REQUIRED ACTION: Transcribe the listing exactly, skipping every picture.

SOURCE DATA:

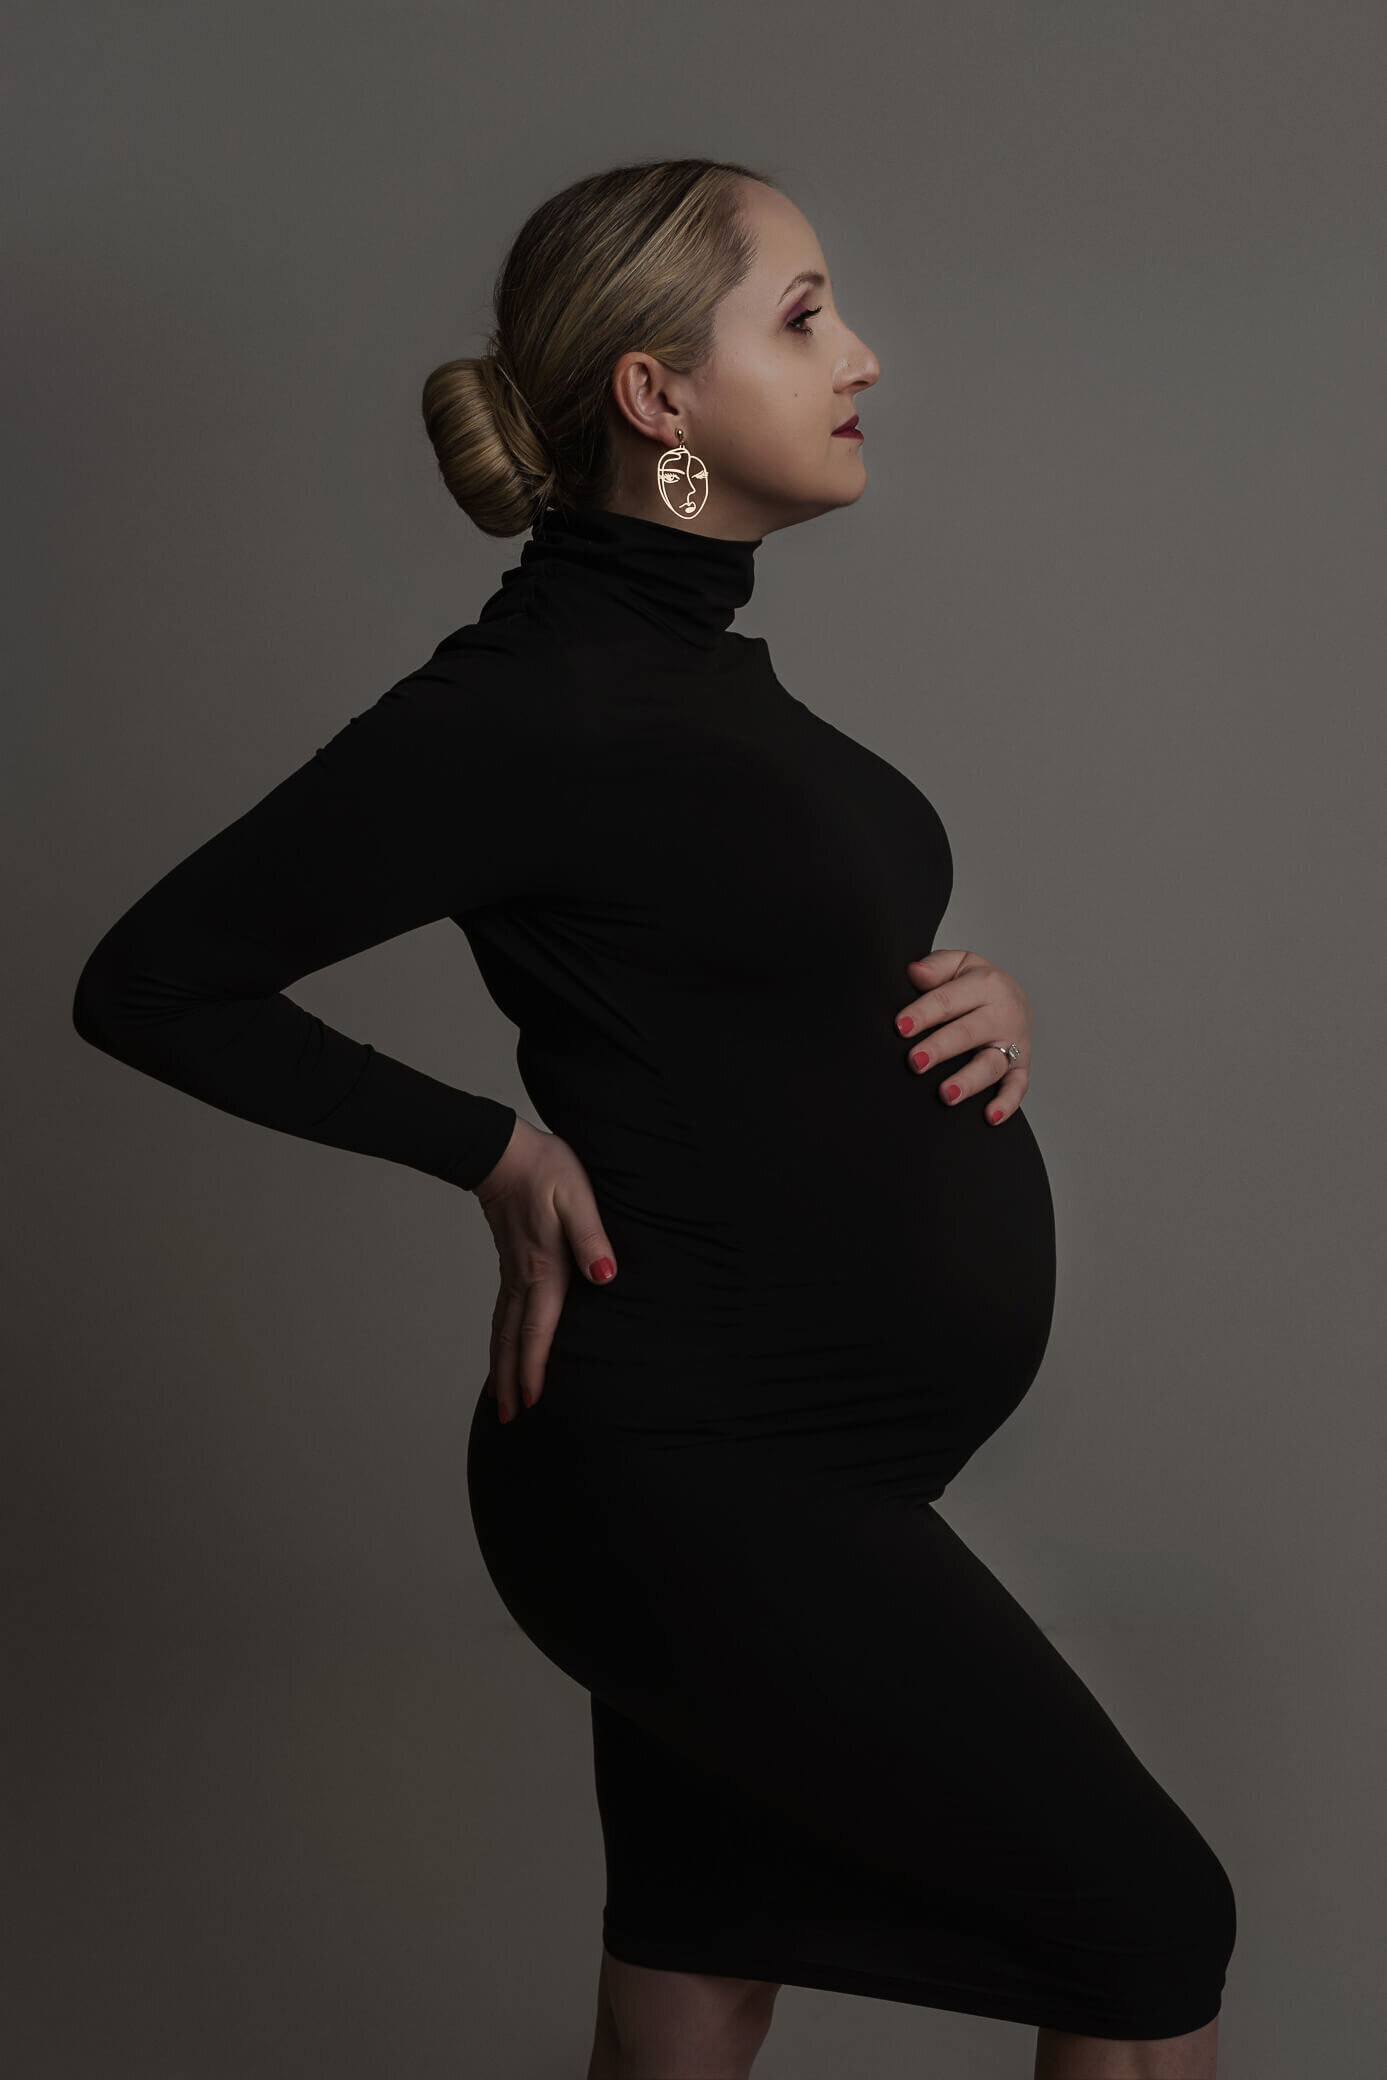 pregnant mom wearing black tight turtle neck dress
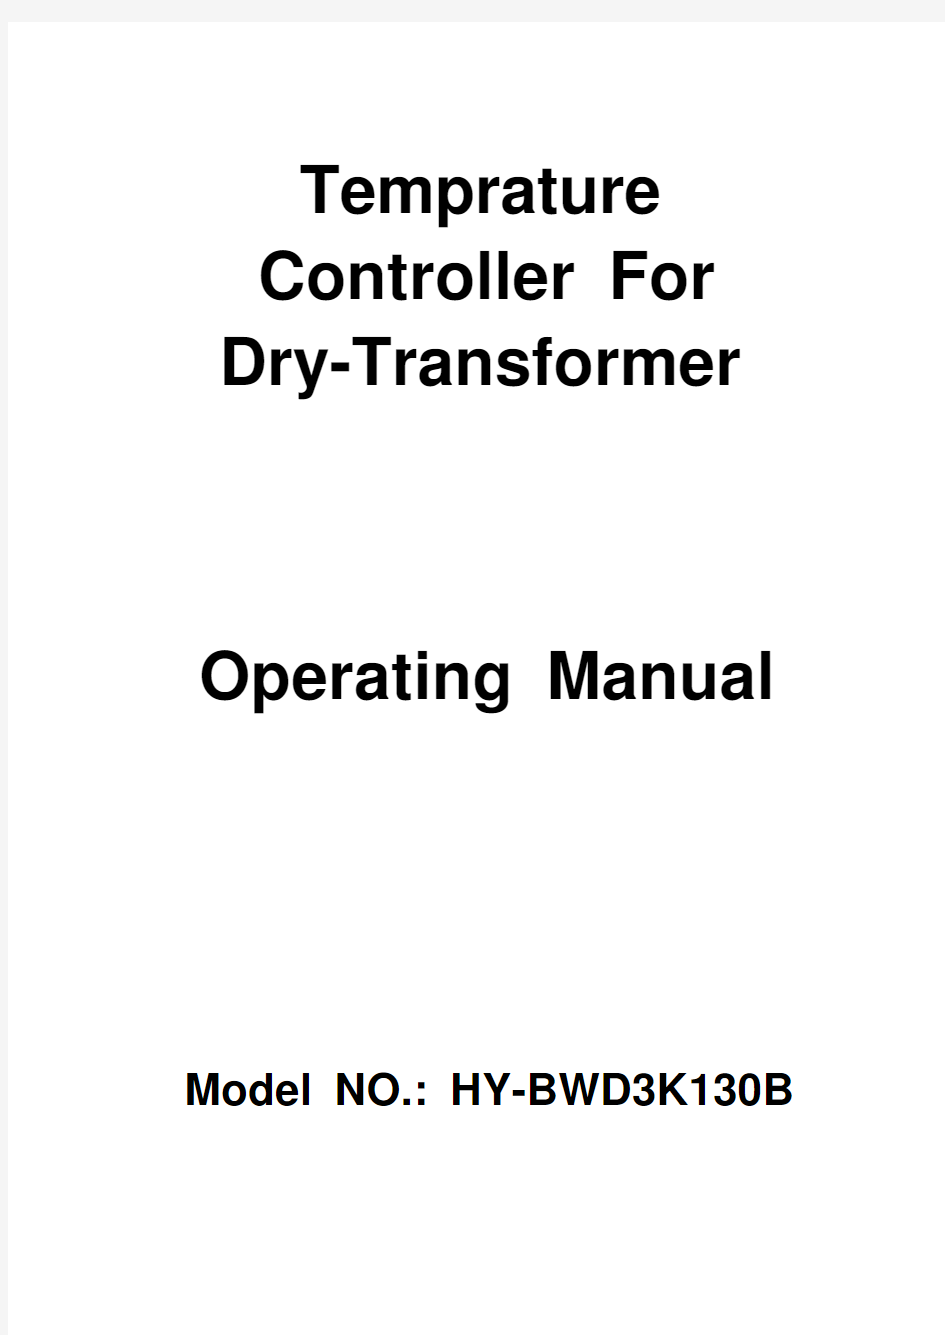 华鹰温控器说明书Temperature Controller Manual - HY-BWD130B
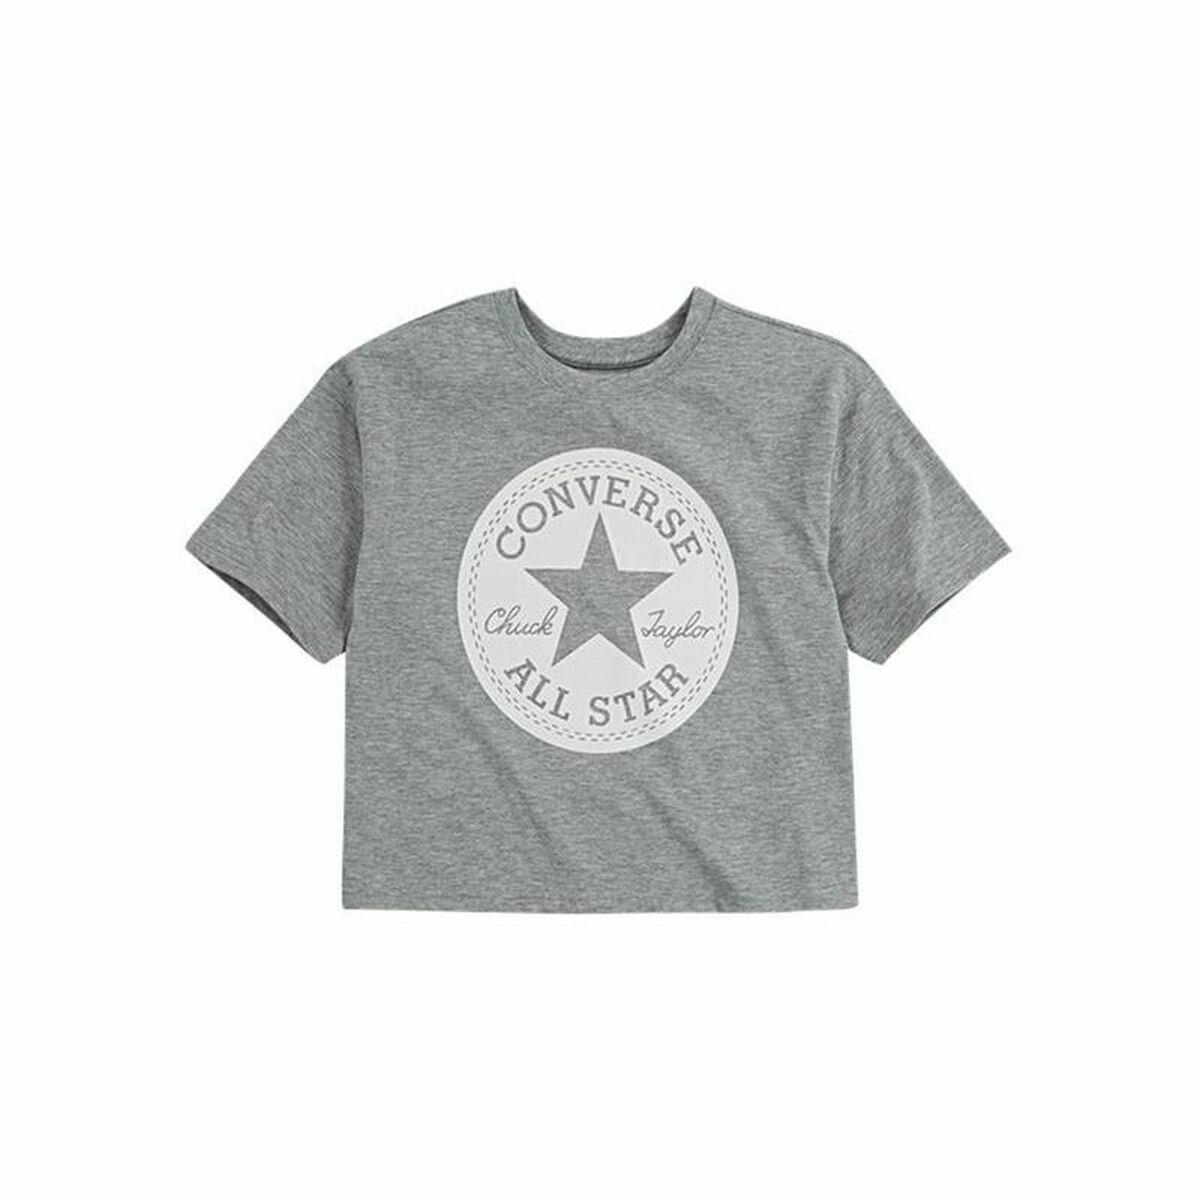 Kurzarm-T-Shirt für Tomorrow, - Kitsch Grau Café Café ehemals Converse Boxy Patch Chuck Kinder

SOLUTION FOR THIS EXERCISE:
 pregnant mom wearing black tight turtle neck dress
 华鹰温控器说明书Temperature Controller Manual - HY-BWD130B
 Kurzarm-T-Shirt für Tomorrow, - Kitsch Grau Café Café ehemals Converse Boxy Patch Chuck Kinder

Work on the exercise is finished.